The former Archbishop of Canterbury defended a controversial speech yesterday after criticism from Muslims.

The former Archbishop of Canterbury defended a controversial speech yesterday after criticism from Muslims.

Lord Carey cited suicide bombers, Islam's "resistance" to modernity and the authoritarian regimes of some of its societies in a lecture he gave in Rome. He said Islamic societies had contributed little to world culture for hundreds of years.

The former Church of England leader said Islamic countries were often led by people who rose to power "at the point of a gun" and he accused its leaders of not doing enough to condemn suicide bombers.
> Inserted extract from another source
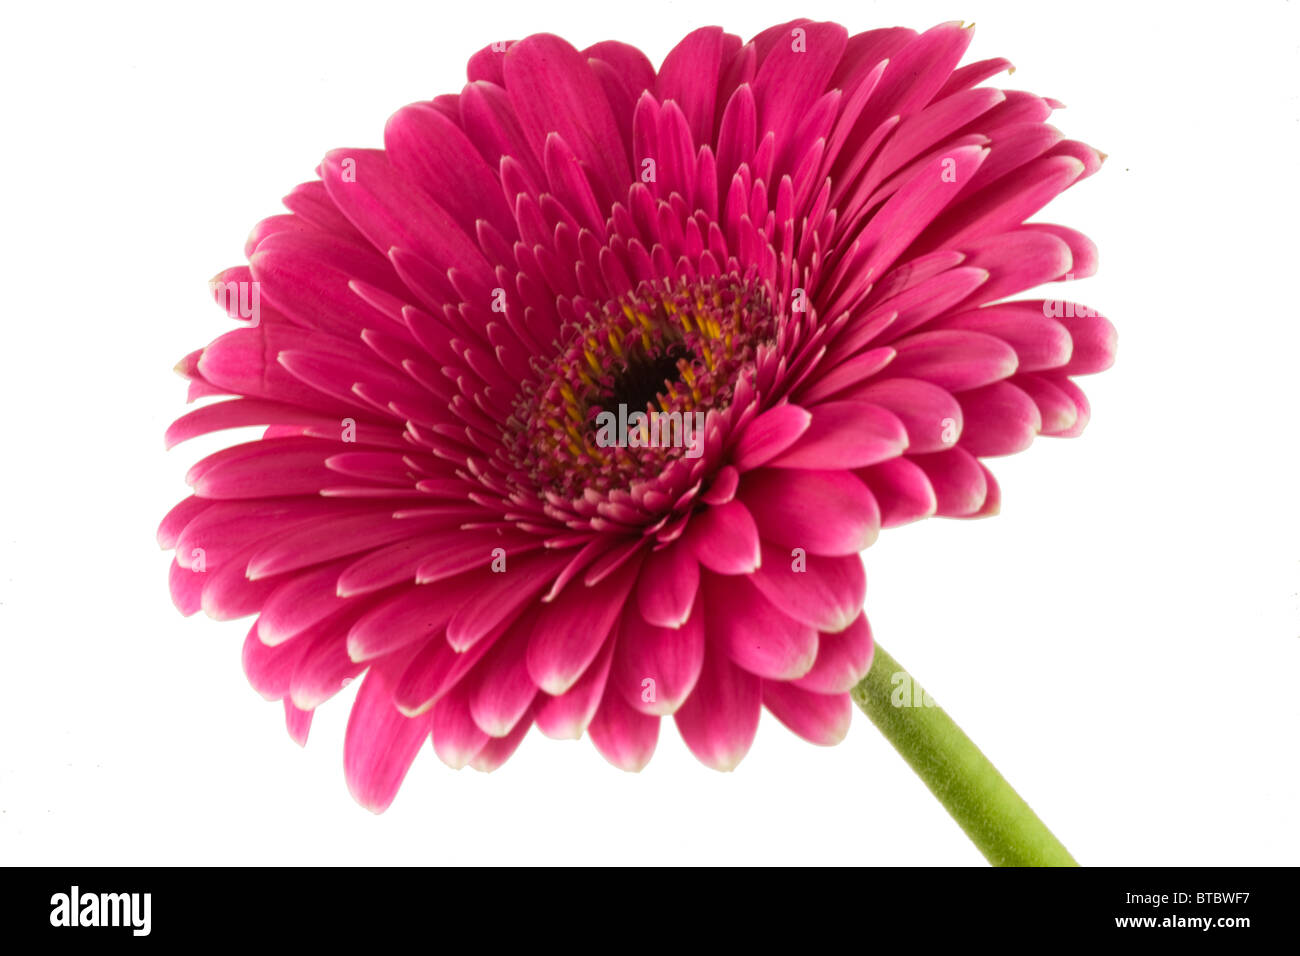 Pink Gerbera Flower Daisy Cut out on White Background Close up Stock Photo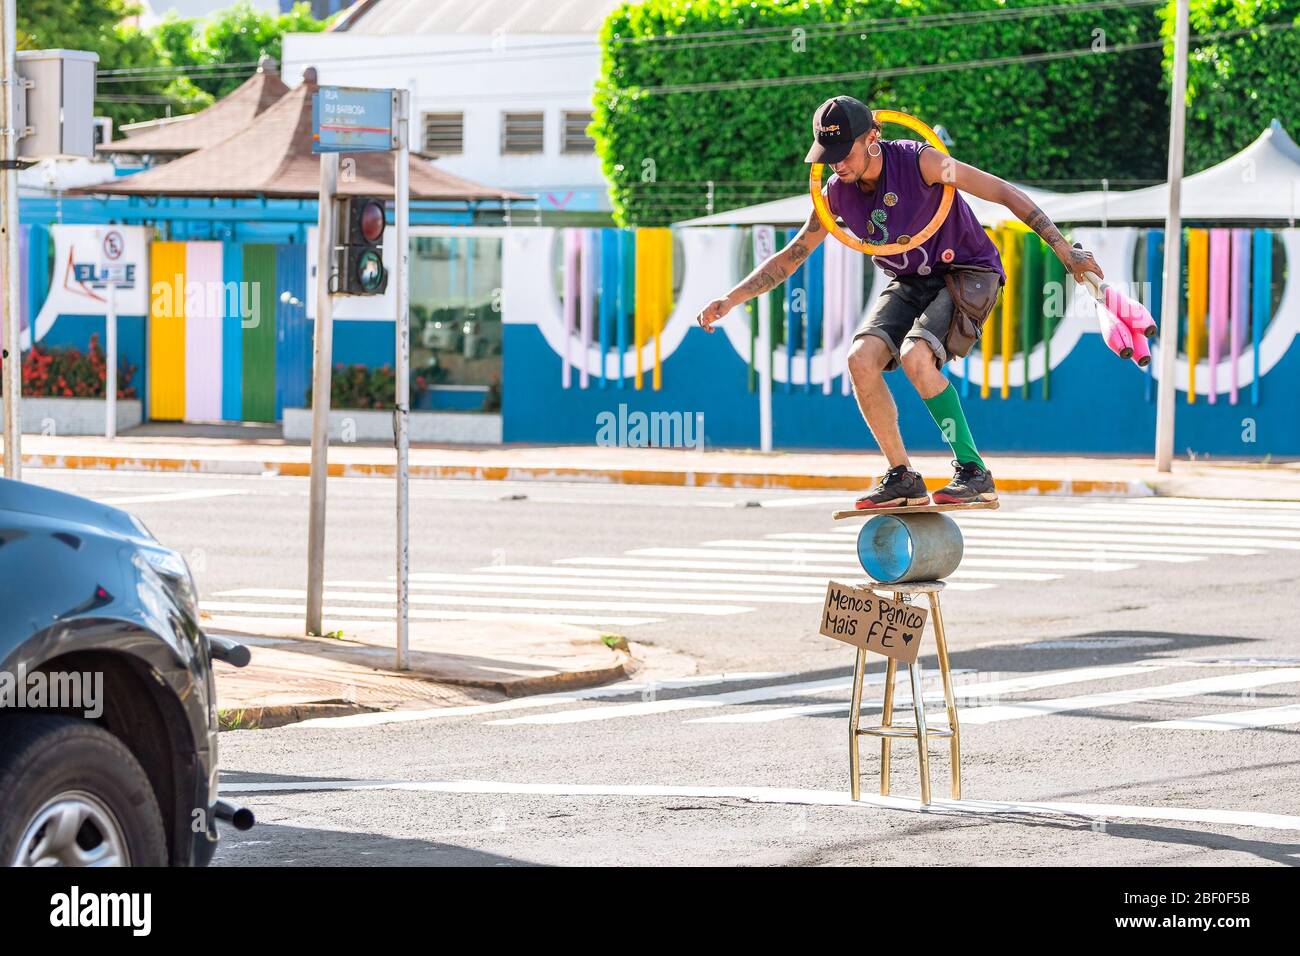 Campo Grande - MS, Brazil - March 30, 2020: Street artist during the traffic sign time doing some balance and juggling tricks at the Rui Barbosa stree Stock Photo

After the lecture, on the eve of a Christian-Muslim seminar, he was accused of "recycling" old religious prejudices by Muslim leaders in the UK, but Lord Carey defended his speech on BBC Radio 4's The World at One programme. "It is meant to provoke a reaction. I look at the West and Christianity and am equally critical," he said.

"I think that a person looking objectively at the entire speech will see there's a balance there. To twist it as an attack on the Islamic world would be far too simplistic and it does suggest how polarised the world is at present. The positive is that I believe we can do more together: two great faiths, Christianity and Islam, working together against extremists."

Iqbal Sacranie, secretary general of the Muslim Council of Britain, was swift to dismiss the comments."In his myopic vision of the Middle East, Lord Carey shows little understanding of the role of Western powers in propping up regimes all over the world."

Manzoor Moghal, chairman of the Federation of Muslim Organisations in Leicester, said: "The archbishop has got it wrong. We condemn suicide bombers, we go on radio, on television, we have made statements. What more can we do? We cannot be responsible for the criminal actions of others."